Uretiti Beach is a stretch of beach between Ruakākā and Waipu on Bream Bay to the south of Whangārei in Northland, New Zealand. It comprises the coastal side of the Uretiti Recreation Reserve and Uretiti Scenic Reserve, and is served by a Department of Conservation (DOC) campground within the Recreation Reserve. Uretiti Beach is popular for swimming, surfing, and fishing, a well-known clothing-optional beach, and camping area for the LGBTQ+ community over the New Year period.

== Name ==
The name Uretiti dates to before the British colonization of New Zealand. DOC consulted with the local Patuharakeke hapū before setting the official names of the reserves, but were given no advice on the meaning of Uretiti. In Māori, ure means "penis", and titi means "peg" or "to poke".

It is also local belief that the area was named after the breeding ground of the titi bird, also known as muttonbird or Sooty shearwater. The translation of ure insinuates the meaning of breeding ground, instead of the direct translation.

== Physical geography ==
Uretiti Beach faces almost due east into Bream Bay. Its northern and southern extremities are defined by DOC boundaries rather than topographical features; it shades into Ruakākā Beach adjacent to Ruakākā township at the northern end, and into the Waipu Wildlife Refuge near Waipu town at the southern end. The stretch of beach thus defined is approximately 5 km long. Northeast of Ruakākā, Bream Bay ends at Marsden Point, marking the mouth of Whangārei Harbour. Southeast of Waipu town are further beaches including Waipu Cove and Langs Beach before the Bay ends at Bream Tail. The Hen and Chicken Islands lie approximately 25 km offshore to the east.

== Recreational use ==
Uretiti is a popular site for surfing, fishing, swimming, and walking. Its water consistently passes water quality tests for swimming safety. It is not patrolled by lifeguards. The beach is a section of Te Araroa walking trail, which runs the length of the country.

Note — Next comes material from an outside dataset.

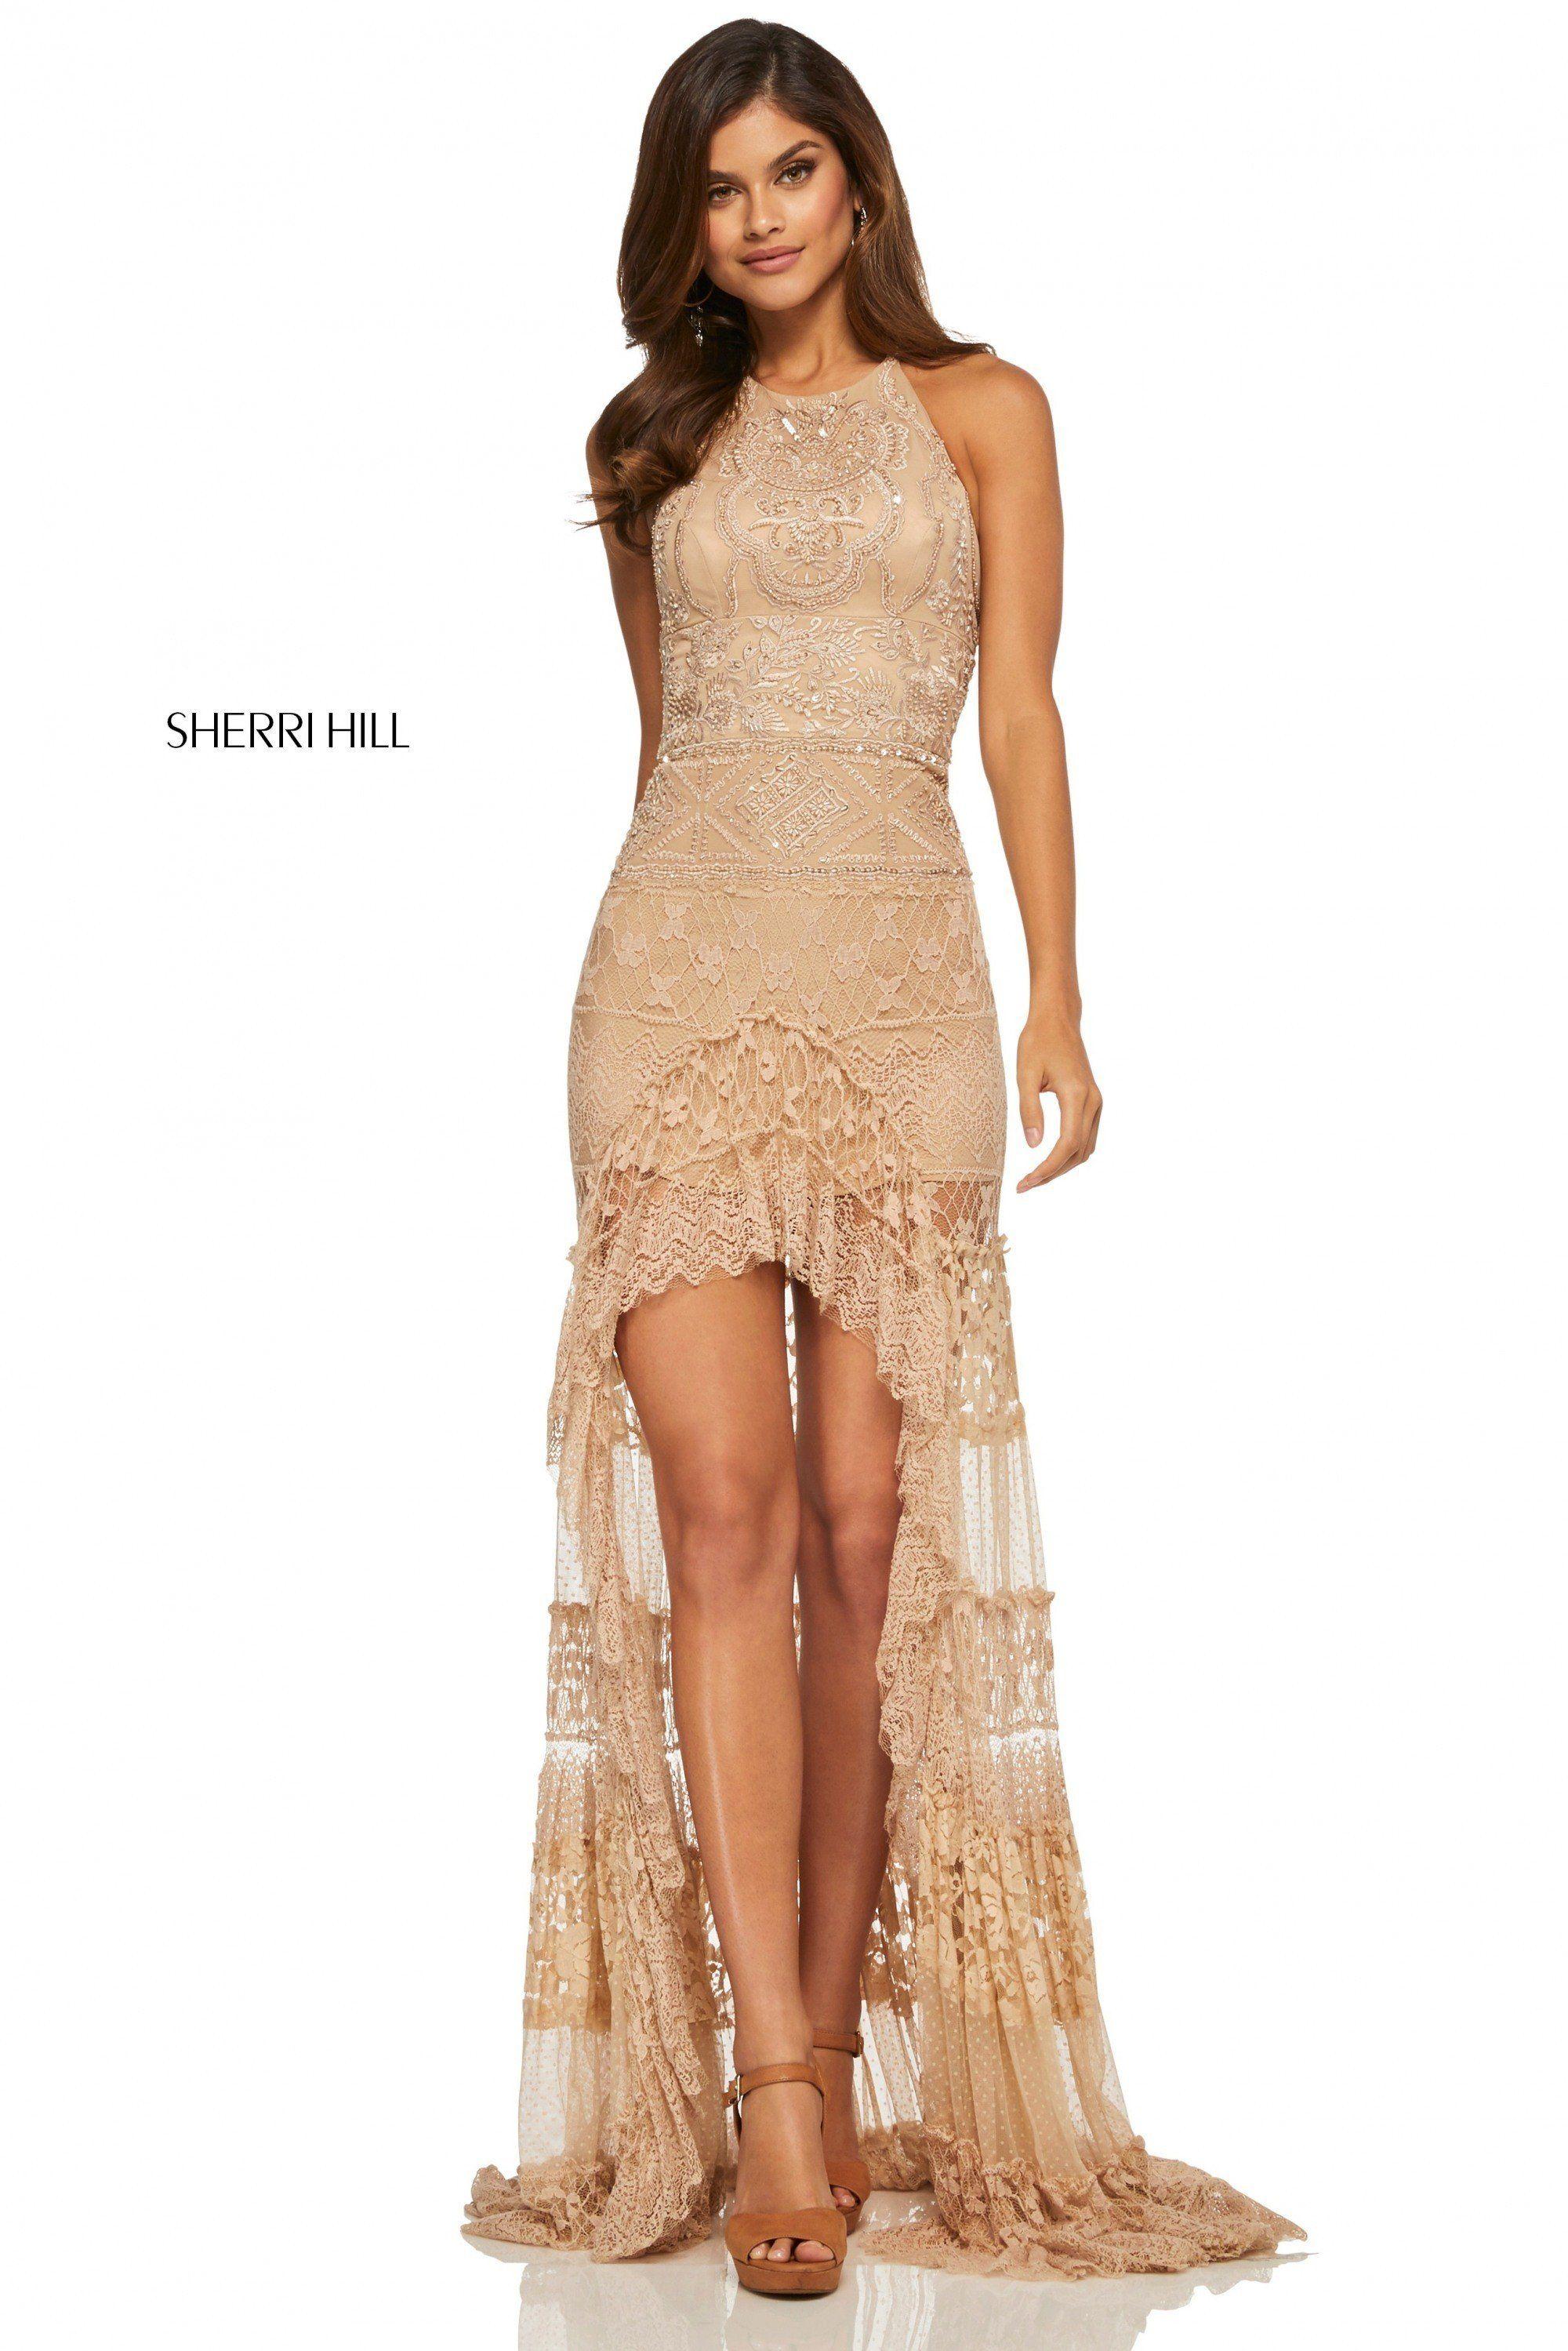 Photo of Sherri Hill 52663 Lace High-Low Dress

The main access to the beach is via the DOC campground, which provides 300 unpowered tent sites and facilities described as "basic" – toilets, water taps, and cold showers (hot showers are coin-operated). DOC warns visitors to clean their shoes upon leaving to avoid spreading kauri dieback disease, and notes that wasp nests are a hazard in the area. Uretiti is a popular site for New Year's Eve revelry; visitors wishing to camp during the peak of the season are advised to book in advance. New Year revellers and other visitors frequently light fireworks or bonfires on the beach despite total fire bans in the area; fireworks are believed to be responsible for a fire which claimed 500 m2 of scrub in 2016.

=== Nudity ===
Uretiti is Northland's most popular beach for naturism. In general, naturists use the southern half of the beach; however, this is a custom rather than an enforceable rule. Public nudity is legal on any New Zealand beach where it is "known to occur". Nudity is not permitted within the DOC campground; campers found in breach of this rule are asked to dress or leave the site.

=== LGBTQ+ community ===

Uretiti is an established destination for the LGBTQ+ community over the New Year period, with more than half of the local DOC campsite being populated by gay and lesbian travellers. There are rainbow themed gathering and dance parties at the campsite. It has been said that the establishment of a naturist community has in-turn led to growth of the LGBTQ+ community at Uretiti due to a more accepting environment. In addition to naturism, gay cruising is also active around the campsite and sand dunes.

=== Tensions over crab-fishing ===
Tensions have arisen between visiting crab-fishers and local residents, who allege that the fishers frequently leave animal carcasses, used as crab bait, on the beach. A number of fishers drowned in the late 2010s while setting crab pots in small dinghies. As a large proportion of these fishers are of East Asian origin, calls for crab-fishing to be banned in the area have become racially charged.